Eine frühere Studie zeigte, dass miR-21, ein endogener Ligand von TLR8, TLR8 in zellulären Endosomen erreichen und daran binden kann, wobei es die TLR8--vermittelte Aktivierung des NFkB-Signalwegs und die Sekretion von proinflammatorischen Zytokinen induzieren kann (21). In der vorliegenden Studie fanden wir signifikant höhere Spiegel von glomerulärem miR-21 sowie erhöhte Spiegel von Serum-miR-21 in der UUO-Niere als in Scheinkontrollen und zeigten seine Korrelation mit der glomerulären Expression von Tlr8 . Interessanterweise zeigten die Glomeruli von UUO-Nieren, die mit miR-21-Mimetikum behandelt wurden, eine höhere Expression von Tlr8 und seinen nachgeschalteten Zytokinen im Vergleich zu denen in den Glomeruli von Scheinmäusen, die mit miR-21-Mimetikum behandelt wurden, was auf eine erhöhte Verfügbarkeit von endogenem miR hinweist -21 aus geschädigtem Gewebe in der verstopften Niere und die Aktivierung der Überexpression von Tlr8 in UUO-Nieren sind mit der einer Scheininjektion vergleichbar. Zusammen schlussfolgern wir, dass ein größeres Volumen von miR-21 in der verstopften Niere die Endosomen in Podozyten erreicht und eine Tlr8--vermittelte Aktivierung des NF-kB-Signalwegs und die Sekretion von proinflammatorischen Zytokinen induziert. Diese Zytokine sind wiederum an der GL-Entwicklung durch Podozytenverletzung beteiligt.

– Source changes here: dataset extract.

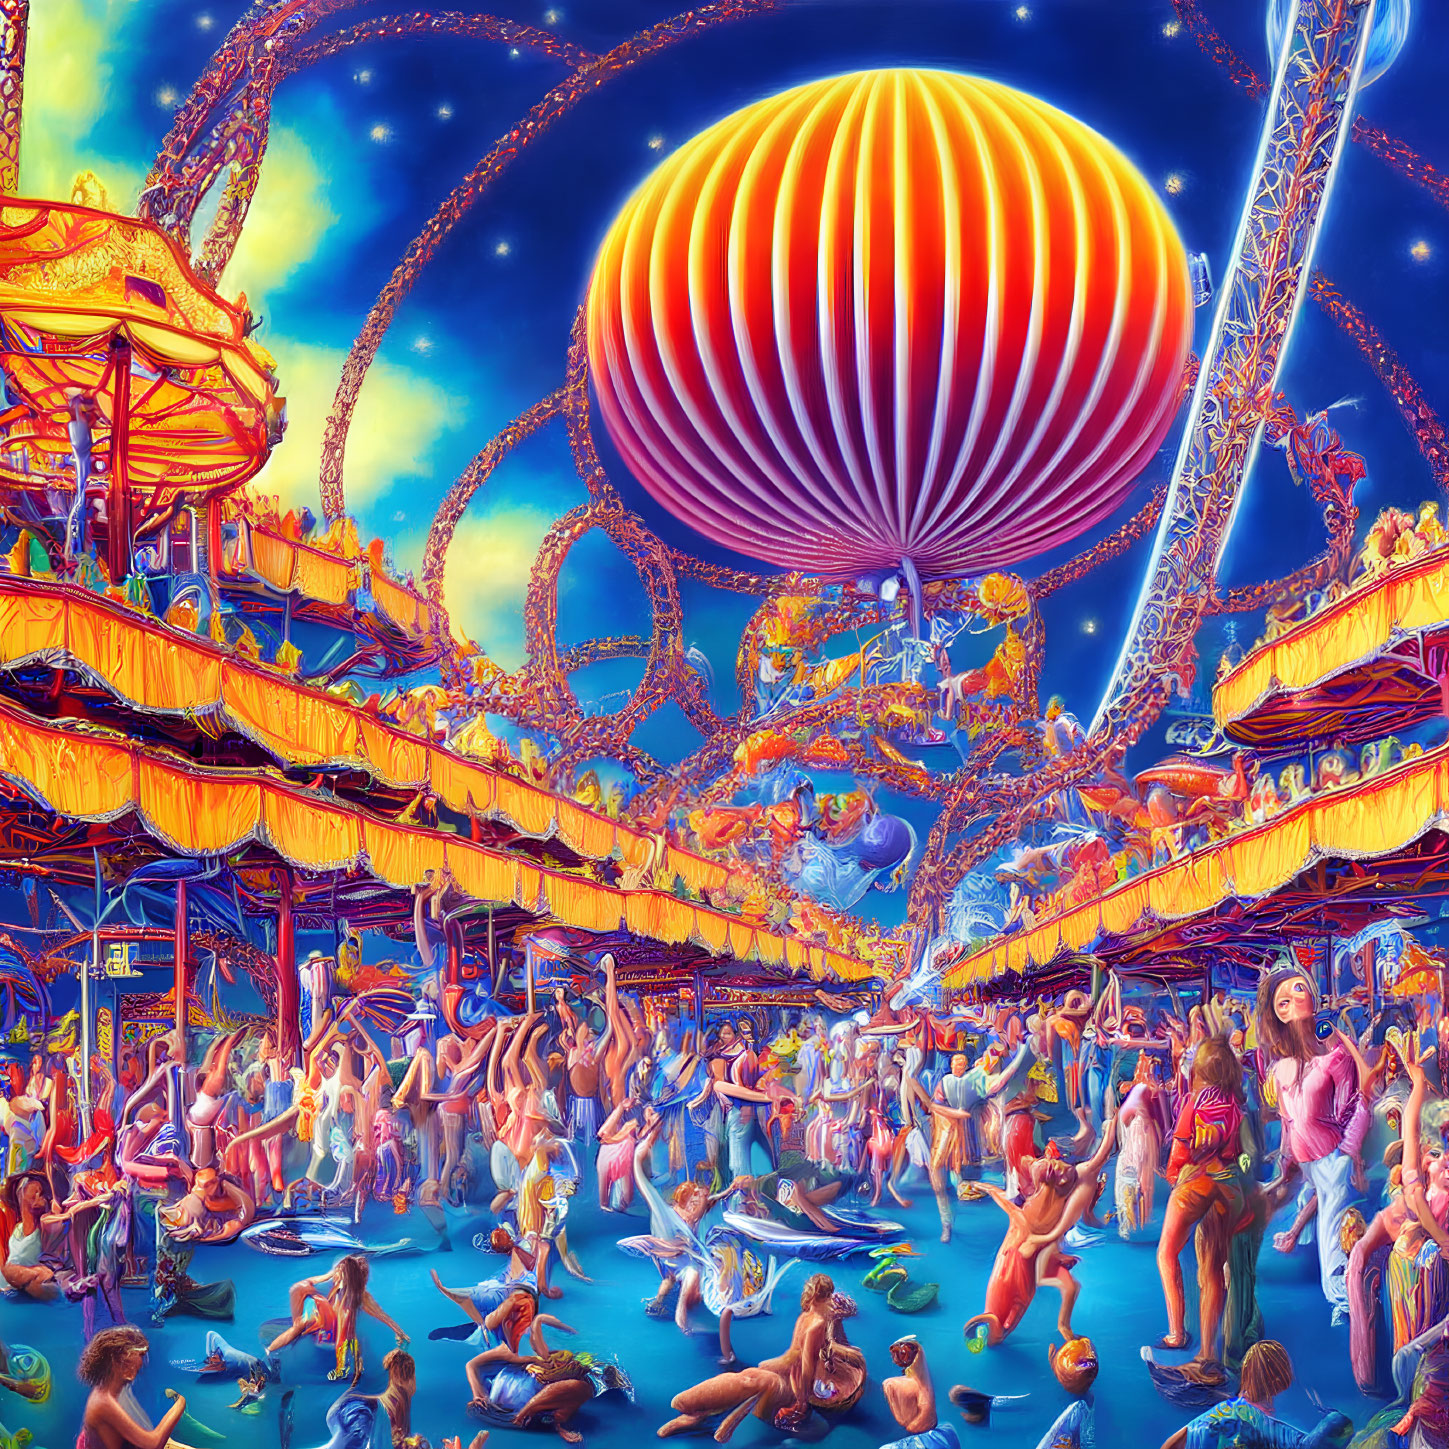 Colorful carnival scene with hot air balloon under starry sky

IL1b ist eines der wichtigen nachgeschalteten Zytokine des NF-kB-Signalwegs, das hauptsächlich von Podozyten im Glomerulus unter Krankheitsbedingungen produziert wird. Frühere Studien haben gezeigt, dass IL1b eine Podozytenschädigung induziert, indem es PFMs reduziert (36, 37). In der vorliegenden Studie zeigten wir eine höhere glomeruläre Expression von Il1b und seine Kolokalisation mit PFMs, die eine reduzierte Expression zeigten. Darüber hinaus korrelierte die glomeruläre Expression von Il1b mit Tlr8 und neigte dazu, mit der Expression von PFMs (Nphs1 und Synpo) zu korrelieren. Daher weisen diese Ergebnisse darauf hin, dass Faktoren stromabwärts von Tlr8, einschließlich Il1b und Il6, eine Podozytenschädigung in der verstopften Niere verursachen können, indem sie die PFM-Expression verringern.

Die Kollateralnieren junger Mäuse zeigten ebenfalls GLs und den Verlust von PFMs. Dieses Ergebnis wurde durch SEM bestätigt, das Podozytenverletzungen in der kollateralen Niere zeigte. Wir fanden auch höhere Spiegel von Serum-miR-21 im ON-Mausmodell. Darüber hinaus kolokalisiertes IL1b-Protein mit PFM. Diese Ergebnisse weisen darauf hin, dass Serum-miR-21 mit TLR8 in den Podozyten der Kollateralniere interagiert und die Produktion nachgeschalteter Zytokine aktiviert, was wiederum die Podozytenfunktion und die Podozytenschädigung reduziert. Podozytenschädigung wurde auch in den verstopften und kollateralen Nieren alter Mäuse über einen Mechanismus beobachtet, der dem ähnlich war, der bei jungen Mäusen beobachtet wurde.

Zusammenfassend (Abbildung 8) ist die glomeruläre miR-21-Expression nach einseitiger Harnleiterobstruktion erhöht, wobei sie mit TLR8 in Podozyten interagiert und die Produktion nachgeschalteter Zytokine (Il1b und Il6) induziert, was auf eine Aktivierung des NF-kB-Signalwegs hindeutet. Höhere Zytokinspiegel reduzieren PFMs, was zu Podozytenverletzungen und der anschließenden Entwicklung von GLs führt. Erhöhte Spiegel von Serum-miR-21 aktivieren TLR8 in den Podozyten der Kollateralniere und induzieren GLs durch Podozytenverletzung. Daher zeigt diese Studie deutlich die GL-Entwicklung in verstopften und kollateralen Nieren durch Podozytenverletzung nach Tlr8-Überexpression.